Les traitements antirétroviraux contre le VIH/SIDA, en freinant l'évolution du virus, permettent aux personnes vivant avec le VIH (PVVIH) de vivre avec la maladie. D'un point de vue médical, cette chronicisation de l'infection rend le concept de guérison inapproprié. Pour autant le terme de guérison est loin d'avoir disparu du vocabulaire des soignants et des soignés. L'analyse des discours de professionnels de santé et de PVVIH recueillis dans le cadre d'une recherche anthropologique réalisée à Kayes au Mali en 2008-2009 sur un site de prise en charge hospitalière permet de mettre en exergue différentes conceptions de la guérison ainsi que des usages différenciés du concept de guérison.
Si, du point de vue des soignants, la guérison signe la fin de la maladie, elle est du point de vue des soignés associée à la disparition de symptômes ainsi qu'à un retour aux activités ordinaires. Dès lors, les PVVIH rencontrées parlent de guérison des « petites maladies », c'est-à-dire des maladies associées à l'infection à VIH, qu'ils perçoivent comme un signe de « bonne santé » encourageant. Les soignants parlent alors d'une « illusion » de la guérison, associée à un risque potentiel de non observance thérapeutique voire d'abandon de suivi médical. La tendance est alors à éviter le terme de guérison dans leurs discours.
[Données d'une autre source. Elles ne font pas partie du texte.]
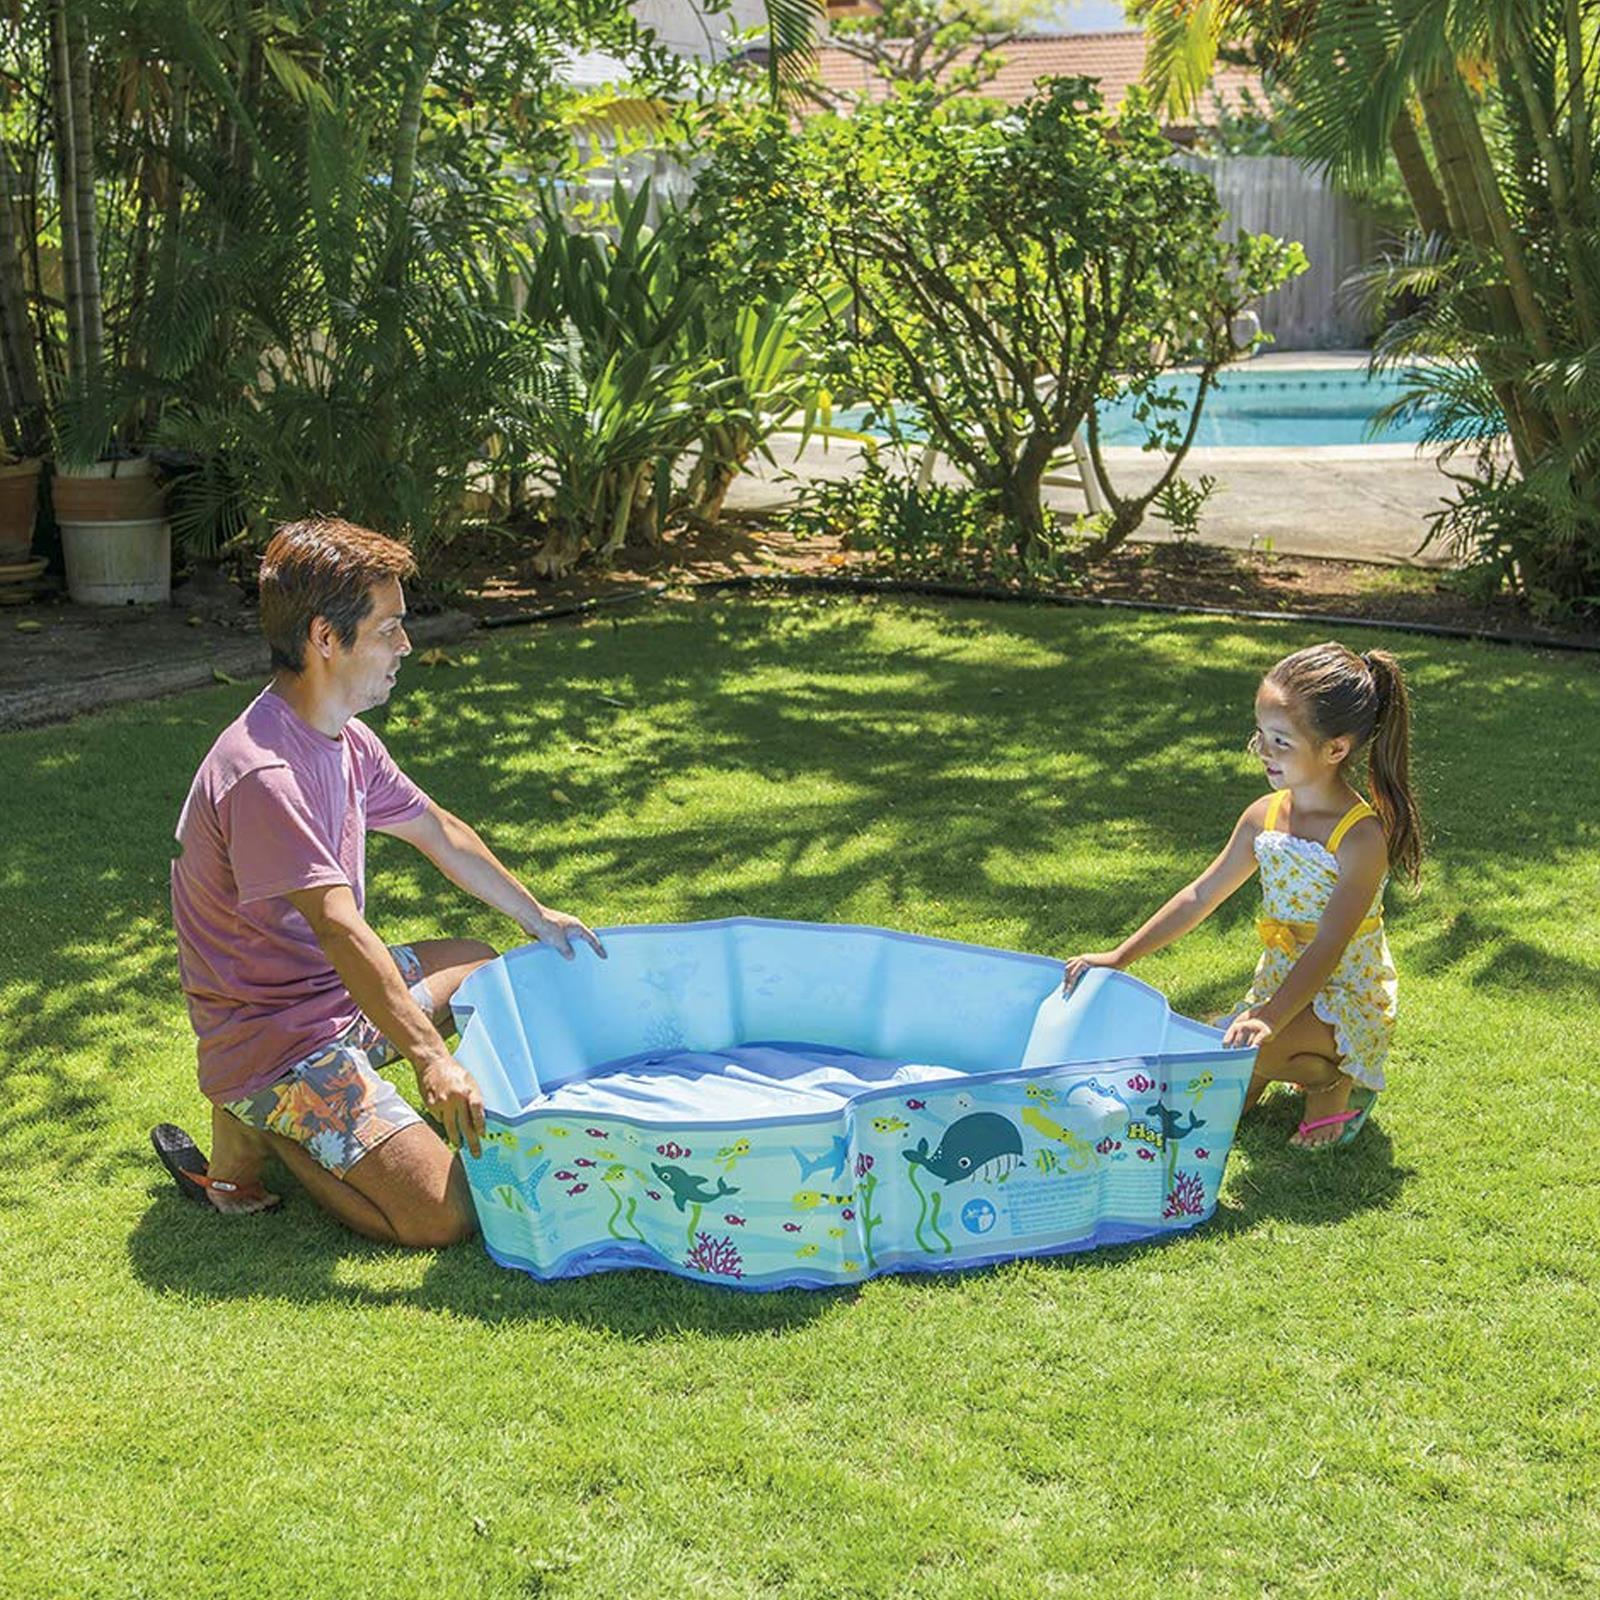 Centro-De-Juegos-De-Natacion-Ninos-Ridgid-Pared-piscina-infantil-Mar-Vida-al-Aire-Libre-diversion miniatura 8
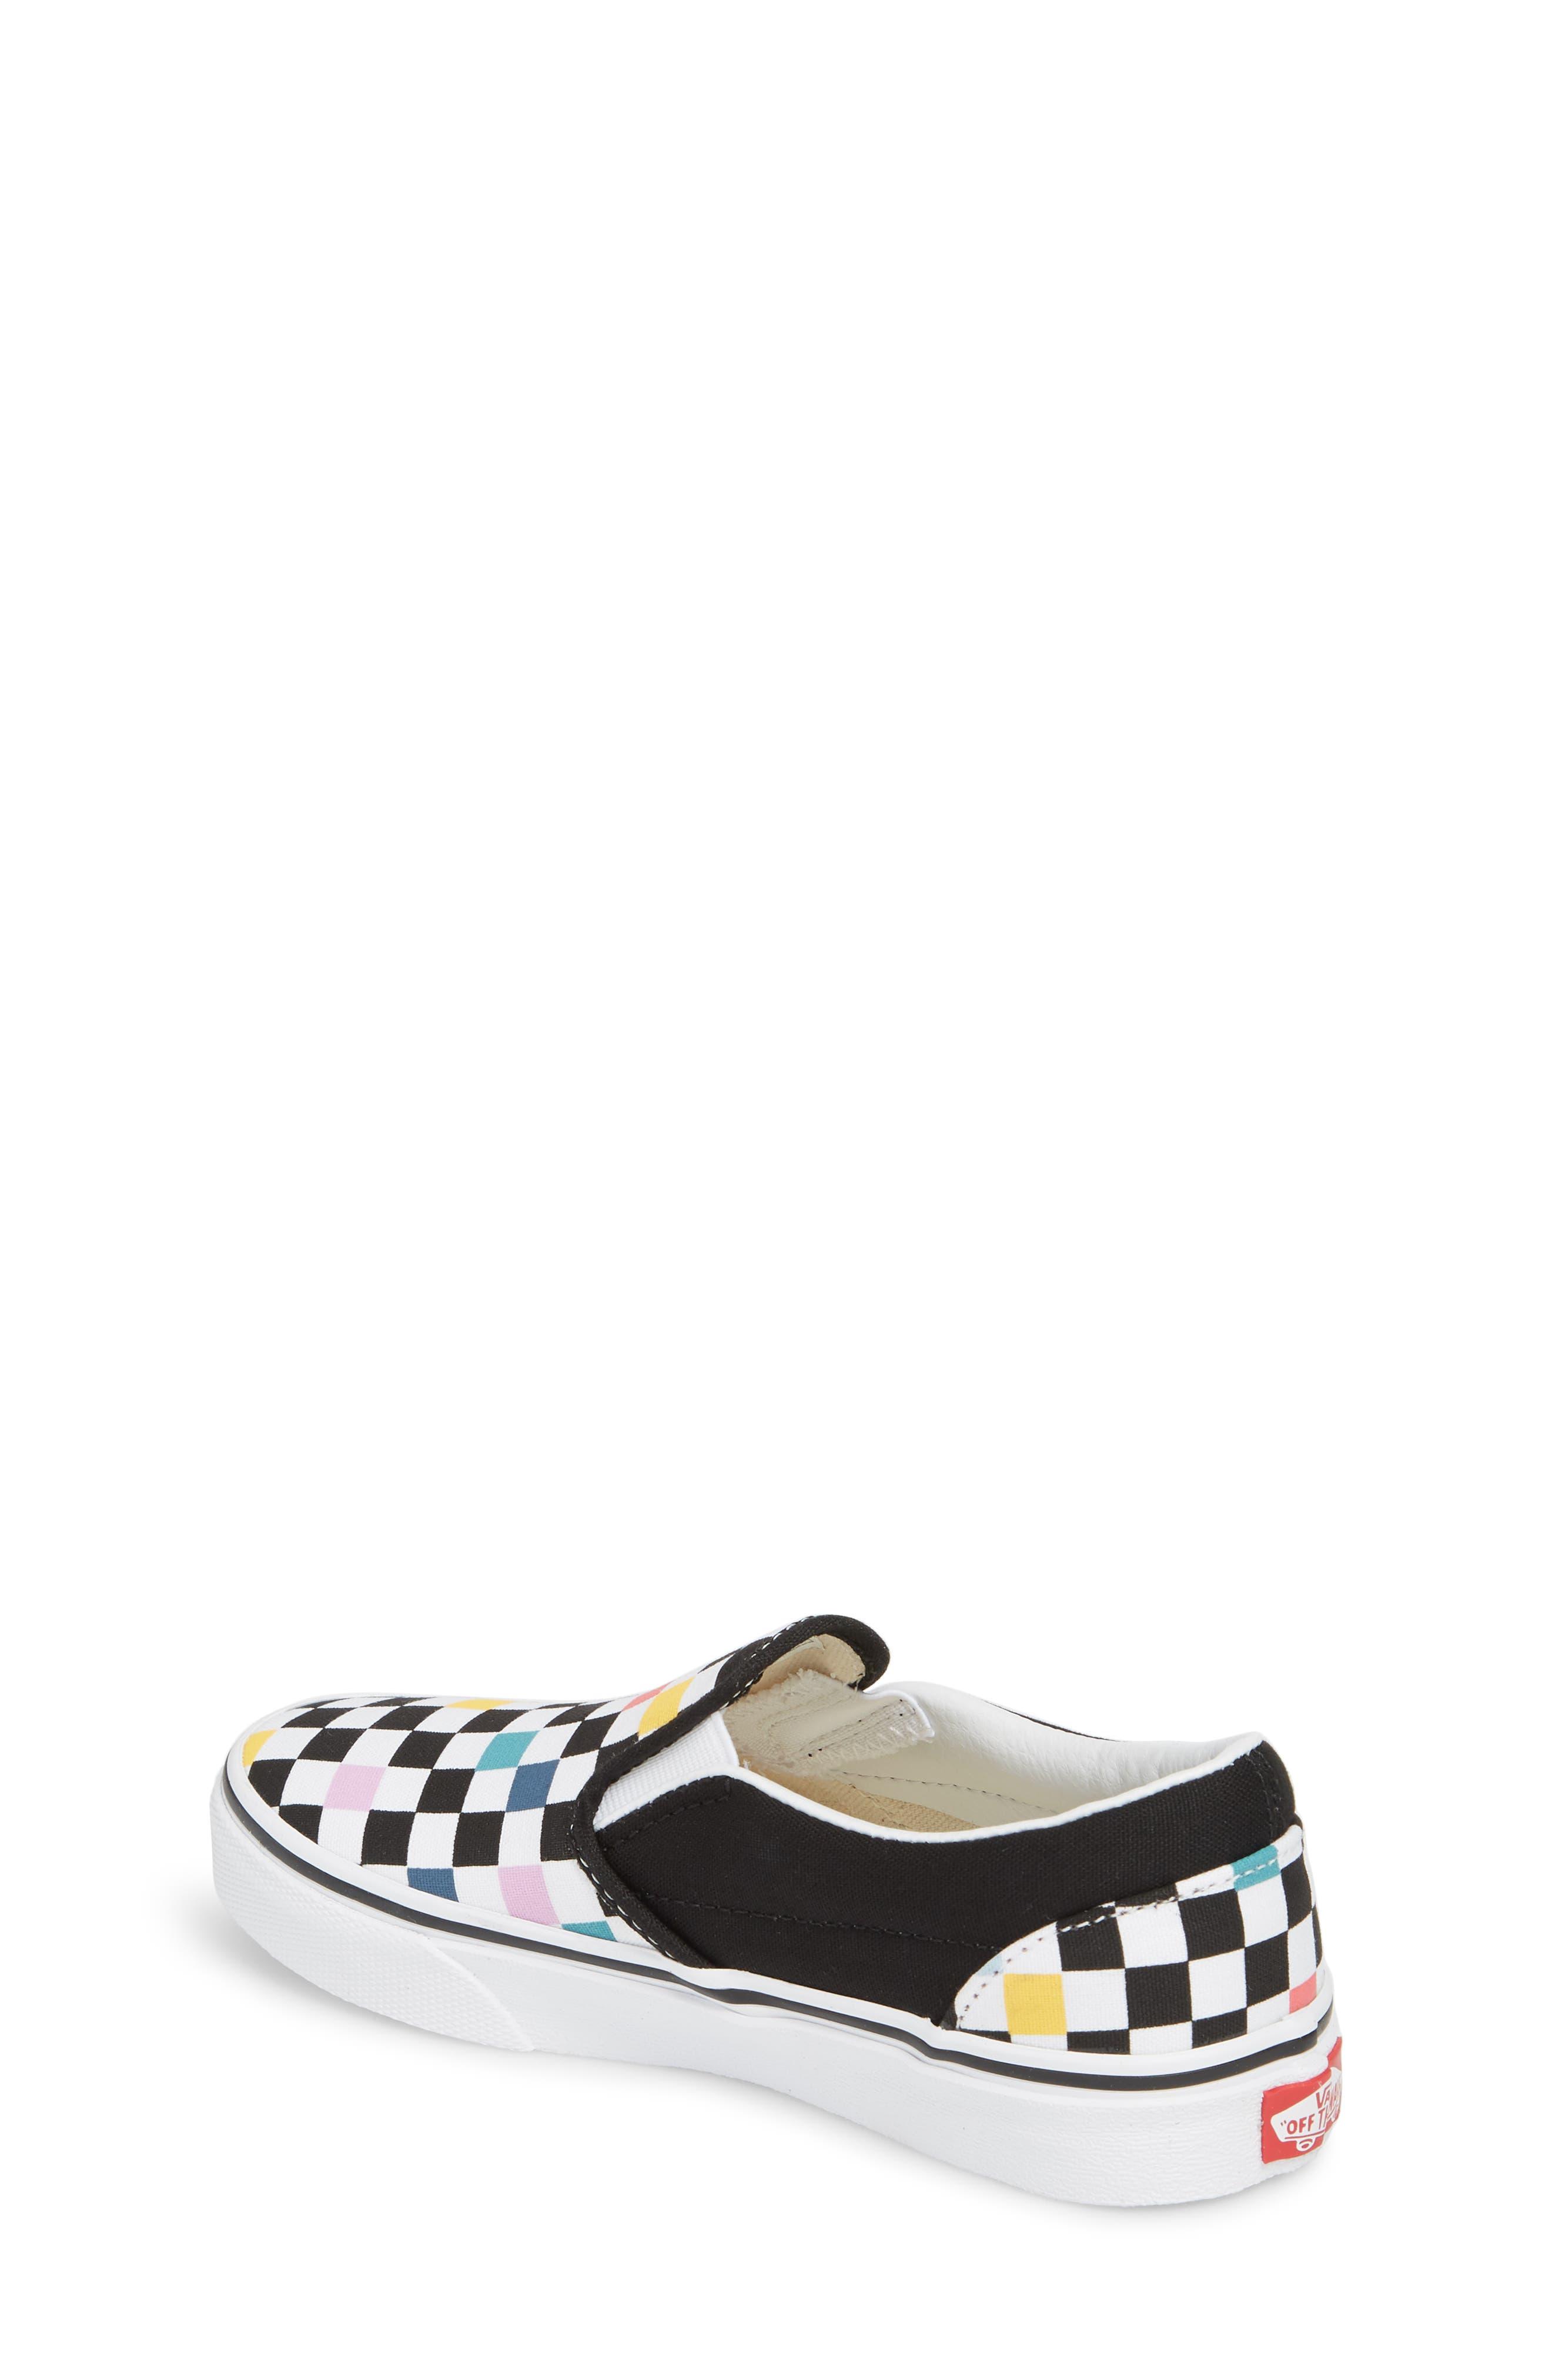 Party Check Slip-On Sneaker,                             Alternate thumbnail 2, color,                             001

Comment ces conceptions différentes de la guérison peuvent-elles entrer en conflit ? Quel en est l'impact sur la communication soignants-soignés et la continuité du suivi médical des patients ?
Après avoir mis en évidence les significations de la guérison identifiées parmi les différents acteurs ainsi que les usages différenciés du concept, je montrerai comment les PVVIH se réapproprient la notion de guérison et quelles en sont les ambivalences. Enfin, nous verrons comment les PVVIH peuvent faire de cette guérison des « petites maladies » un leitmotiv pour un suivi médical au long cours. Ceci amènera alors à interroger la notion de guérison dans le cadre des maladies chroniques.